Replace the metricsBindAddress value with the following and save the ConfigMap.

metricsBindAddress: 0.0.0.0:10249

Then, restart the kube-proxy pods.

$ kubectl delete pod -l k8s-app=kube-proxy -n kube-system

For more information, see this GitHub issue.

Metrics Trait Service Monitor not discovered

Metrics Traits use Service Monitors which require a Service to collect metrics. If your OAM workload is created with a Metrics Trait and no Ingress Trait, a Service might not be generated for your workload and will need to be created manually.

This troubleshooting example uses the hello-helidon application.

Verify a Service Monitor exists for your application workload.

$ kubectl get servicemonitors -n hello-helidon

Verify a Service exists for your application workload.

$ kubectl get services -n hello-helidon

If no Service exists, create one manually. This example uses the default Prometheus port.

apiVersion: v1
kind: Service
metadata:
  name: hello-helidon-service
  namespace: hello-helidon
spec:
  selector:
    app: hello-helidon
  ports:
    - name: tcp-hello-helidon
      port: 8080
      protocol: TCP
      targetPort: 8080

After you’ve completed these steps, you can verify metrics collection has succeeded.

Metrics queries no longer return metrics

If Prometheus storage reaches capacity, then metrics queries will no longer return results. Check the Prometheus logs.

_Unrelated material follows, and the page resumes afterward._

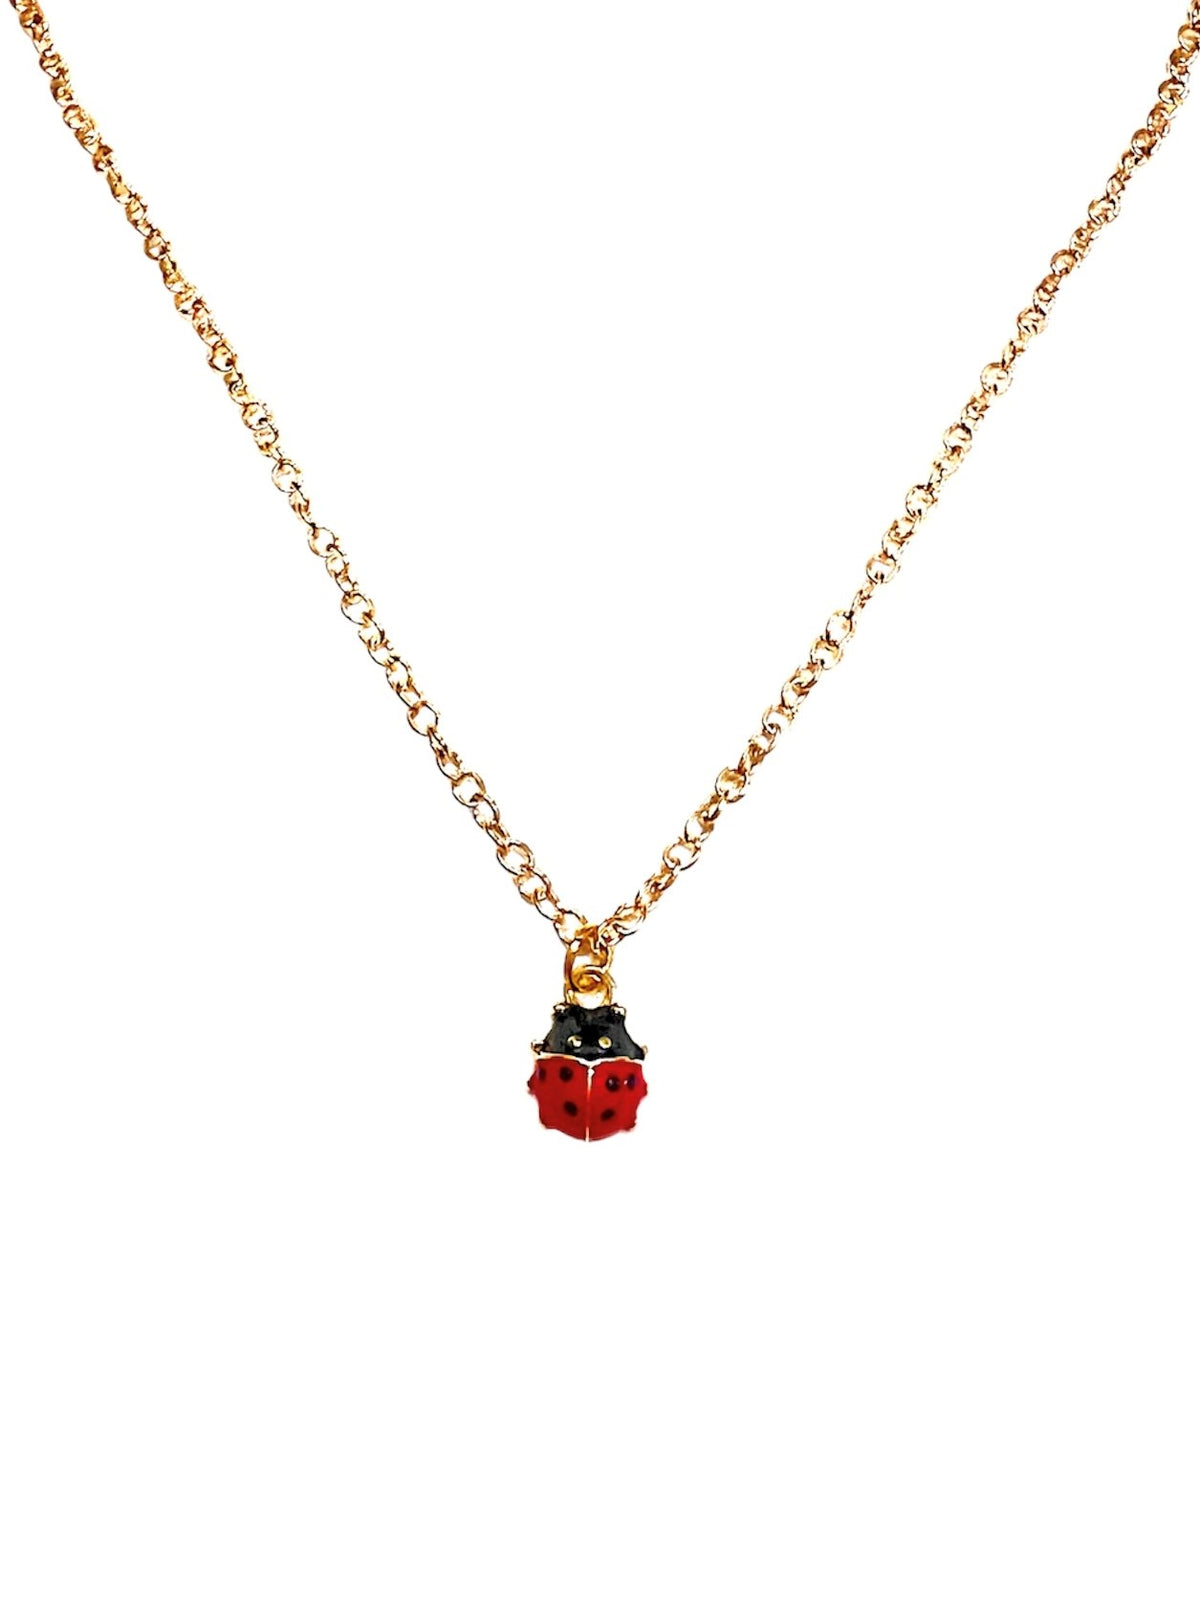 Ladybug Message Necklace| you are Extraordinary
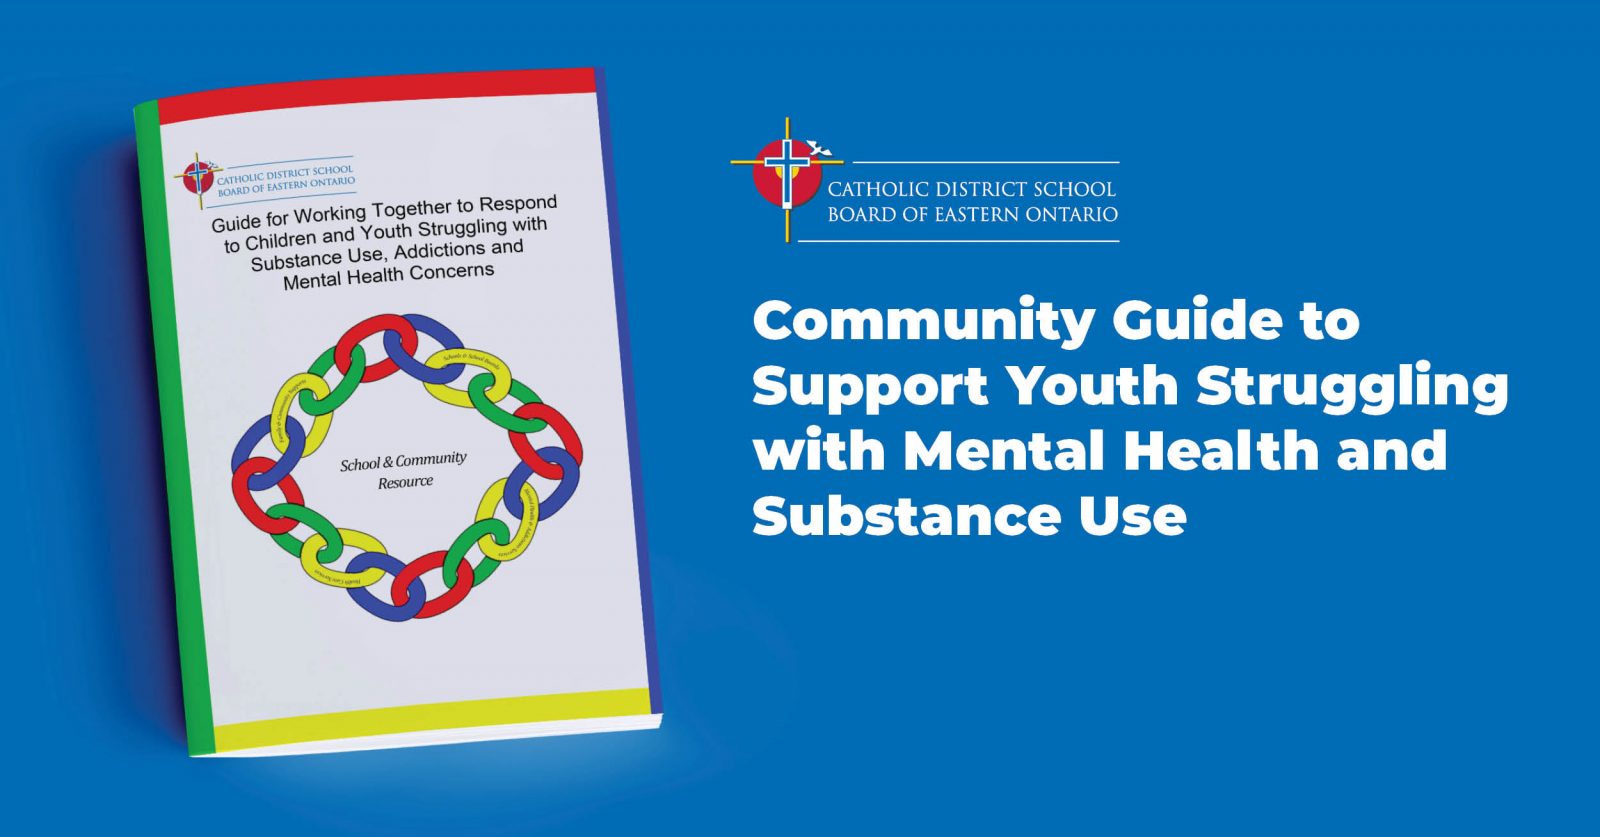 CDSBEO launches new guide to help students struggling with mental health and substance use

$ kubectl logs -l app.kubernetes.io/instance=prometheus-operator-kube-p-prometheus -n verrazzano-monitoring

If there are messages indicating that the disk is full, then it will be necessary to either expand the storage or free disk space. If the default storage class supports volume expansion, then you can attempt to expand the volume.

Check if the default storage class allows volume expansion.

$ kubectl get storageclass

If the default storage class allows expansion, then modify the persistent volume claim and the Prometheus resource storage request to use the larger size.

For example, to increase the storage to 100 Gi:

$ kubectl patch pvc prometheus-prometheus-operator-kube-p-prometheus-db-prometheus-prometheus-operator-kube-p-prometheus-0 -n verrazzano-monitoring \
   --type=merge -p '{"spec":{"resources":{"requests":{"storage":"100Gi"}}}}'

$ kubectl patch prometheus prometheus-operator-kube-p-prometheus -n verrazzano-monitoring \
   --type=merge -p '{"spec":{"storage":{"volumeClaimTemplate":{"spec":{"resources":{"requests":{"storage":"100Gi"}}}}}}}'

Alternatively, delete existing metrics data in the Prometheus pods to free space.

$ kubectl exec statefulset.apps/prometheus-prometheus-operator-kube-p-prometheus -n verrazzano-monitoring -- rm -fr /prometheus/wal

$ kubectl rollout restart statefulset.apps/prometheus-prometheus-operator-kube-p-prometheus -n verrazzano-monitoring

For information on how to configure Prometheus data retention settings to avoid filling up persistent storage in the Prometheus pods, see Configure data retention settings.